Proponents of MMP argue that it is better for getting representation of women and ethnic minorities.
This post at the Hand Mirror leaves no doubt that parliament has become more diversified since MMP was introduced, but how much has that had to do with the system and how much has it had to do with the times?
Society has changed a lot in the last 15 years. More women and a wider range of people from different nationalities and cultures have entered parliament on lists, but I wouldn’t want to suggest many, maybe even most, could and would not have been able to win electorate seats.
An example of both how they can and what’s wrong with MMP is Georgina Beyer, the world’s first transvestite mayor. She entered parliament by winning a seat but then when the electorate kicked her out she stayed on as an MP through the list.
To believe that people on lists wouldn’t be able to win seats would be a very poor reflection on both them and the parties they represent. It would mean their presence in parliament wasn’t due to what they had to offer but to tokenism.
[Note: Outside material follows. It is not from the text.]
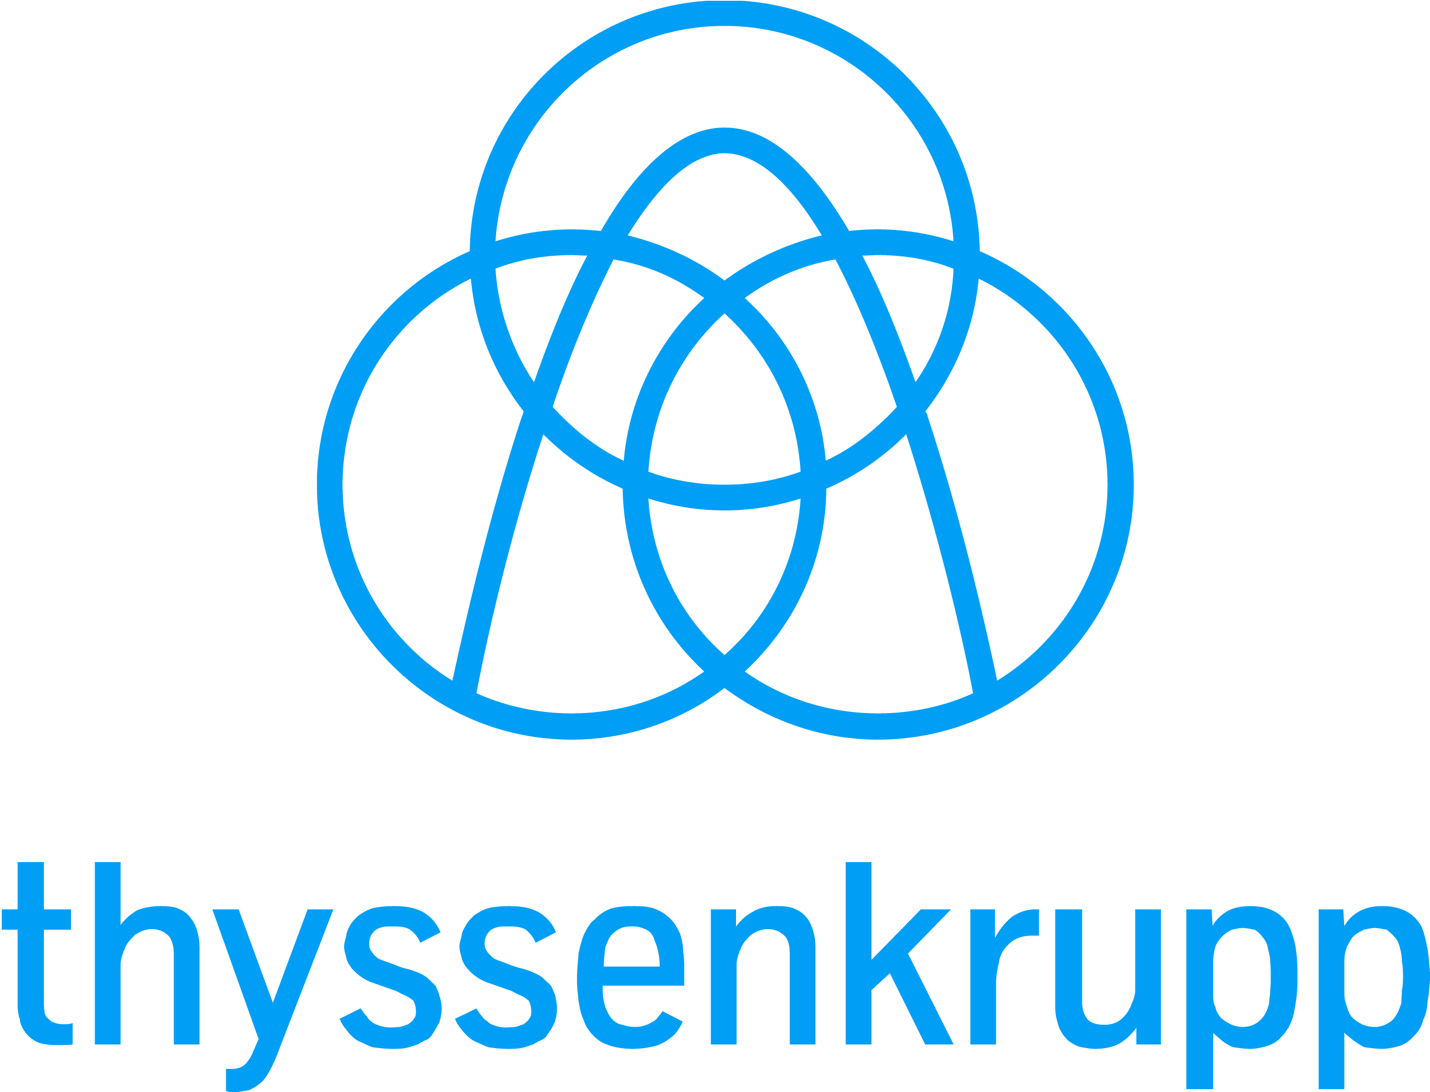 Abbildung: Logo thyssenkrupp AG, Essen

That leads on to the question of whether diversity in parliament has made a material and positive difference to the communities these people are supposed to represent and wider New Zealand or whether their presence has just been a token one.
I think the jury is out on that. Some have made very real contributions, others have been nothing more than a bum on a parliamentary seat when votes are counted.
It’s all very well to say parliament is more representative of some sectors of the population but it has come at the cost of others. Does, for example, any party but National have any farmers (proper ones, not lifestylers)? Phil Goff was asked in a radio interview how many of his caucus had run their own business and he struggled to name any.
Even if increased diversity could only be achieved through lists, and I don’t think that is the case, it has come at the very high cost of fewer and therefore much larger electorates.
Greater diversity in parliament is small comfort for the people who find it much more difficult to meet their MP in their electorates.
If we changed to a system with more electorates there would be far more opportunities for people to be selected for winnable seats. Smaller seats would also increase the pool of people able to stand, make it much easier for MPs to service the electorate and for constituents to have access to them.
No electoral system is perfect, all have advantages and disadvantages.
Among MMP’s weak points is the amount of power it gives to parties when National is the only one left with a wide and numerous membership base.
That increased power for parties has resulted in poorer representation for people.
Who sits in parliament doesn’t make much difference to most people. MPs who are able to service their electorates easily and provide ready access for constituents is far more important.
That is why I’ll be voting for change tomorrow and choosing Supplementary Member.